昨年の特殊詐欺被害状況や、今後の取り組みの説明を受ける出席者(大津市・滋賀県警本部)

昨年の特殊詐欺被害状況や、今後の取り組みの説明を受ける出席者(大津市・滋賀県警本部)

 滋賀県内で昨年、特殊詐欺に関わって県警に逮捕された少年が14人になり、過去最多だったことが28日、県警への取材で分かった。ほとんどは現金を直接受け取る「受け子」で、会員制交流サイト(SNS)で誘われ、安易に犯罪に加担しているという。

 県警は昨年、特殊詐欺に関わったとして詐欺や詐欺未遂などの疑いで41人を逮捕した。うち14人は15~19歳のいずれも県外の少年で、最多だった2013年の5人を大幅に上回った。中学生や大学生もいた。

 少年が犯行グループに加わったきっかけは、ツイッターやLINE(ライン)などのSNSや、知人を通じてアルバイトとして紹介されたケースが大半だった。ほとんどは、被害者から現金やキャッシュカードを受け取る受け子役だった、という。

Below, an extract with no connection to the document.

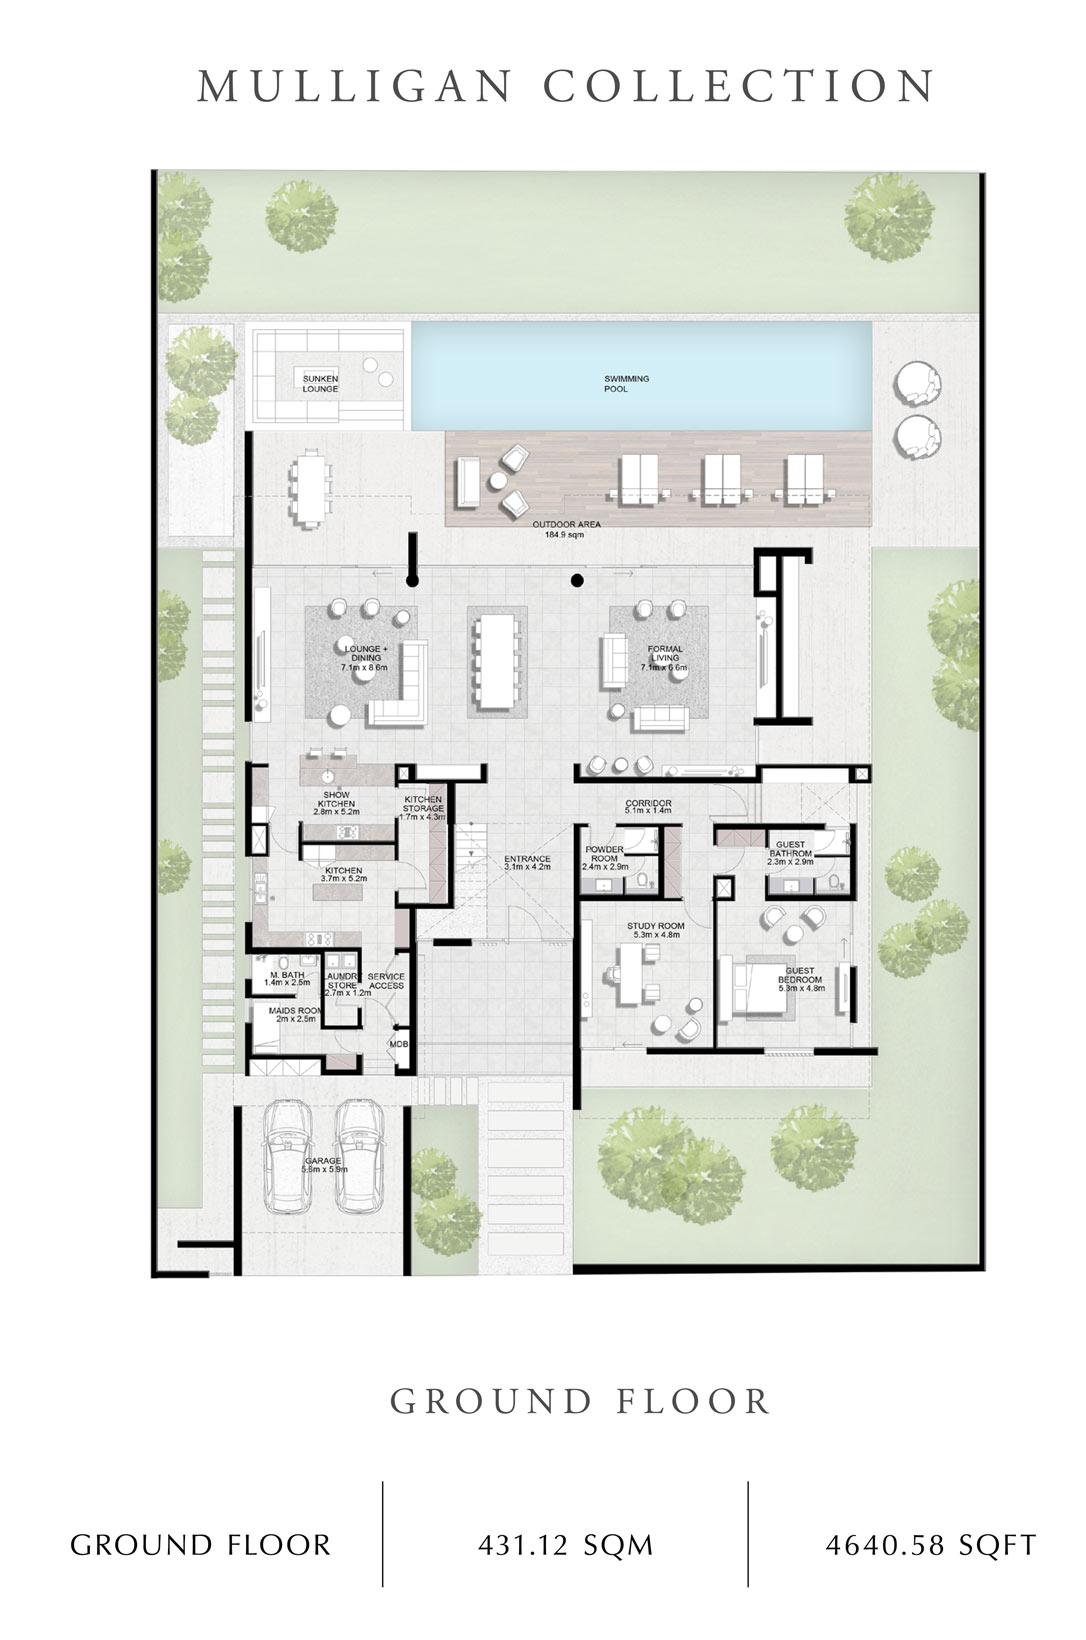 Mulligan-Collection-Ground Floor, Size 4640 Sq Ft

 県警は同日、金融機関や行政関係者らと防止対策会議を開き、「犯行の首謀者らは、自分たちの摘発を避けるため、そそのかしやすい少年を逮捕のリスクが高い受け子として使っている」と注意を呼び掛けた。

 県警によると、昨年の特殊詐欺被害件数は107件で前年から54件減少し、被害額も2億7600万円と半減した。アダルトサイト利用料や訴訟取り下げ名目などの架空請求が63件1億9575万円と最多で、オレオレ詐欺が35件6820万円だった。被害が未然に防がれた件数は252件で、うち150件は家族が阻止した。